## ASSIGNMENT:
Copy exactly, and only, the lines from the line containing "Trampoline Ø 305cm" through the last line of the records below, both included.

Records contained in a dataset
***
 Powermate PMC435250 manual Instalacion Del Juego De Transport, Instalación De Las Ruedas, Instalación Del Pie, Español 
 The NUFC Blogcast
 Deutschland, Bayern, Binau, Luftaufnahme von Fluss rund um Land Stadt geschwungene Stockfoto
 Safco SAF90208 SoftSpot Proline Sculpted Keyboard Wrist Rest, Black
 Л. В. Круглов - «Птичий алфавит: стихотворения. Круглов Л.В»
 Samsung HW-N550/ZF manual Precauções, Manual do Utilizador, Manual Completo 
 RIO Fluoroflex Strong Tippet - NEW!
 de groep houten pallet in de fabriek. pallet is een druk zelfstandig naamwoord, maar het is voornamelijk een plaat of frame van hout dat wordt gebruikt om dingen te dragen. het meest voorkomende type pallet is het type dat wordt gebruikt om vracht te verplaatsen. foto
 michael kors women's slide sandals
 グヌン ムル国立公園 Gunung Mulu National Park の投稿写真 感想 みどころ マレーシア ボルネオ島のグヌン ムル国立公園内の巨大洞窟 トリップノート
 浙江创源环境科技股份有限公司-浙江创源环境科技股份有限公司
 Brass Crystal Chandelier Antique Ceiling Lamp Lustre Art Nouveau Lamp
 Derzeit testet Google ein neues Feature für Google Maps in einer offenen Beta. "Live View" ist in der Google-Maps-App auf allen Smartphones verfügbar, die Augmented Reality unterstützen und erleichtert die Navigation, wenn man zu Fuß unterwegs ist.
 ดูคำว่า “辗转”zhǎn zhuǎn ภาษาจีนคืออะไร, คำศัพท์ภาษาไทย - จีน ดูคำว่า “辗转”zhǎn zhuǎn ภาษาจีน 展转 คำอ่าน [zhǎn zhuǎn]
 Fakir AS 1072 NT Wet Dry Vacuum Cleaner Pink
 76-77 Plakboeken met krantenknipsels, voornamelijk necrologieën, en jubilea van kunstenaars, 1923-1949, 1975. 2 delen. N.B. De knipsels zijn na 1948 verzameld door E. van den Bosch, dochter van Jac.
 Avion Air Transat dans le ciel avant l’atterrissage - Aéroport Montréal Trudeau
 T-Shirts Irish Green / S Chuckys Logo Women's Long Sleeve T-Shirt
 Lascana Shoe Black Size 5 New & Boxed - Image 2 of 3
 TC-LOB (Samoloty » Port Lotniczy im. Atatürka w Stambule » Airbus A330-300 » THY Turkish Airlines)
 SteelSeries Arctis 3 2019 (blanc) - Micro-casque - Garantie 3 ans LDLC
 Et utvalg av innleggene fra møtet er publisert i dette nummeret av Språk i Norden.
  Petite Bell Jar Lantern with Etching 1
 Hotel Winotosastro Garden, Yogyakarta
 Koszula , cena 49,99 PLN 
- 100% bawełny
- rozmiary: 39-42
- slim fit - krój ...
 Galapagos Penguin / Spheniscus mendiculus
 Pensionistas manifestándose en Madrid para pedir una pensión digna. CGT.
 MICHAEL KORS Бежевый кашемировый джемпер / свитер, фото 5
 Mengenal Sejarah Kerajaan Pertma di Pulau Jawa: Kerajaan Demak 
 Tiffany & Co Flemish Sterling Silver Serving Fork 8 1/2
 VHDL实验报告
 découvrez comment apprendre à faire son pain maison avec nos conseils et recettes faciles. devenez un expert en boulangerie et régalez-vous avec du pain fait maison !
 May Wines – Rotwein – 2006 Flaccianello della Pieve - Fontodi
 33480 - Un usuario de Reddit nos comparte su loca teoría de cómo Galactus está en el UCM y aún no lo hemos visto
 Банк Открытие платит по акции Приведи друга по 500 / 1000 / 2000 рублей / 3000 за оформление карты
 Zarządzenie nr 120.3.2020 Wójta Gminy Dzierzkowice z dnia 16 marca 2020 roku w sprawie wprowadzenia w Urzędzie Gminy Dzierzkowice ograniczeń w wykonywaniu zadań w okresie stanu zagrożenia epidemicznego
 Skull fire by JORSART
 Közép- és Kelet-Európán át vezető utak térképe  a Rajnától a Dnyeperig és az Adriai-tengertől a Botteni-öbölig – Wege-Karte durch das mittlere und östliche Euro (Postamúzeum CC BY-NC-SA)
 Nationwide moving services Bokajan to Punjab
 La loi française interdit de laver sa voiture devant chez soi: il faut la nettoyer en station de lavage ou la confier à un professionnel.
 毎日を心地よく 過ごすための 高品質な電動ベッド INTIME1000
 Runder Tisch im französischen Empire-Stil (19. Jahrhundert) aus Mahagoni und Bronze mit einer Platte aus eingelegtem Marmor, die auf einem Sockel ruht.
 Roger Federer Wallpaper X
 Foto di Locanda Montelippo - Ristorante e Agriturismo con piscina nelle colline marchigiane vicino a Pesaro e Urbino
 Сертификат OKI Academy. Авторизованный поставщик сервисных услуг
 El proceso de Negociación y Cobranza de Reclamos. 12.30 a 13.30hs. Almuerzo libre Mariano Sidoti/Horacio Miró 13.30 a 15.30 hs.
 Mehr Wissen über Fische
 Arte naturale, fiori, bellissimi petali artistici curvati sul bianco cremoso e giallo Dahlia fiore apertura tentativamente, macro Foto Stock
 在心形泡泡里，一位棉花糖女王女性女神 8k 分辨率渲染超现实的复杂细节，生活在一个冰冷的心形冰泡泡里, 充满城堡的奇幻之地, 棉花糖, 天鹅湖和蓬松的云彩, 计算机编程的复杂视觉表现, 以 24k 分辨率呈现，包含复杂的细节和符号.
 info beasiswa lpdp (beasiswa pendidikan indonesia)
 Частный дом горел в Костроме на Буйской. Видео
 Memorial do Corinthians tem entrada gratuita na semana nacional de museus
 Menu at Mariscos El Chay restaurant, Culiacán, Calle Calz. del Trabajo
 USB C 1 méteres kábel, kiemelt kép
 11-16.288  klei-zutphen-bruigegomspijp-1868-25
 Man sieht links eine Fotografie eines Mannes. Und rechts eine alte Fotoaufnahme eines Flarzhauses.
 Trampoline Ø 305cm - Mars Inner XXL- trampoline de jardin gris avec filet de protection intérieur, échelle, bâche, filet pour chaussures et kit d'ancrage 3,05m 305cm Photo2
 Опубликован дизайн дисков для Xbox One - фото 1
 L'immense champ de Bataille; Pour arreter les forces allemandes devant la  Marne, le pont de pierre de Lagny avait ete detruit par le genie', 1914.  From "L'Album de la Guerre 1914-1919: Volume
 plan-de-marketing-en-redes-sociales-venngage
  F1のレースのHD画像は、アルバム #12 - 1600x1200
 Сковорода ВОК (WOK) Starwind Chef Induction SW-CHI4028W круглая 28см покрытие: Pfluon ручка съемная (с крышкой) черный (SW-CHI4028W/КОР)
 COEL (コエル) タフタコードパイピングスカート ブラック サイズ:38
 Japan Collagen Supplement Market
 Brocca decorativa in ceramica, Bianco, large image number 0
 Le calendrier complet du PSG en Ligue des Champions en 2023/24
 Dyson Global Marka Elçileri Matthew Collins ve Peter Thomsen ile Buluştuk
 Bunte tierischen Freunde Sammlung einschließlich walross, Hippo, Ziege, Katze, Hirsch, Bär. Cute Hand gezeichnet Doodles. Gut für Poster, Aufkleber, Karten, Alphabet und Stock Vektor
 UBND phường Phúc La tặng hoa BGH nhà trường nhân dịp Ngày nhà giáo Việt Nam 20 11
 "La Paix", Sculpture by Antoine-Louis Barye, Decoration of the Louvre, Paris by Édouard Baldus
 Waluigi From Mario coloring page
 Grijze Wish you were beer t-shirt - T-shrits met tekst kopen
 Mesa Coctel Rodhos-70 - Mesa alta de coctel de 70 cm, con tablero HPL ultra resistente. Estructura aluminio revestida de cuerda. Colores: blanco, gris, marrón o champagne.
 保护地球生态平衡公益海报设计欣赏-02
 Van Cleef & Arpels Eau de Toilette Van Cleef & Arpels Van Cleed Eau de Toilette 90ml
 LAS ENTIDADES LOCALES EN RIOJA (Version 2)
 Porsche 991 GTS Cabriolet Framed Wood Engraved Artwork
***
## ANSWER TO THE EXERCISE:
 Trampoline Ø 305cm - Mars Inner XXL- trampoline de jardin gris avec filet de protection intérieur, échelle, bâche, filet pour chaussures et kit d'ancrage 3,05m 305cm Photo2
 Опубликован дизайн дисков для Xbox One - фото 1
 L'immense champ de Bataille; Pour arreter les forces allemandes devant la  Marne, le pont de pierre de Lagny avait ete detruit par le genie', 1914.  From "L'Album de la Guerre 1914-1919: Volume
 plan-de-marketing-en-redes-sociales-venngage
  F1のレースのHD画像は、アルバム #12 - 1600x1200
 Сковорода ВОК (WOK) Starwind Chef Induction SW-CHI4028W круглая 28см покрытие: Pfluon ручка съемная (с крышкой) черный (SW-CHI4028W/КОР)
 COEL (コエル) タフタコードパイピングスカート ブラック サイズ:38
 Japan Collagen Supplement Market
 Brocca decorativa in ceramica, Bianco, large image number 0
 Le calendrier complet du PSG en Ligue des Champions en 2023/24
 Dyson Global Marka Elçileri Matthew Collins ve Peter Thomsen ile Buluştuk
 Bunte tierischen Freunde Sammlung einschließlich walross, Hippo, Ziege, Katze, Hirsch, Bär. Cute Hand gezeichnet Doodles. Gut für Poster, Aufkleber, Karten, Alphabet und Stock Vektor
 UBND phường Phúc La tặng hoa BGH nhà trường nhân dịp Ngày nhà giáo Việt Nam 20 11
 "La Paix", Sculpture by Antoine-Louis Barye, Decoration of the Louvre, Paris by Édouard Baldus
 Waluigi From Mario coloring page
 Grijze Wish you were beer t-shirt - T-shrits met tekst kopen
 Mesa Coctel Rodhos-70 - Mesa alta de coctel de 70 cm, con tablero HPL ultra resistente. Estructura aluminio revestida de cuerda. Colores: blanco, gris, marrón o champagne.
 保护地球生态平衡公益海报设计欣赏-02
 Van Cleef & Arpels Eau de Toilette Van Cleef & Arpels Van Cleed Eau de Toilette 90ml
 LAS ENTIDADES LOCALES EN RIOJA (Version 2)
 Porsche 991 GTS Cabriolet Framed Wood Engraved Artwork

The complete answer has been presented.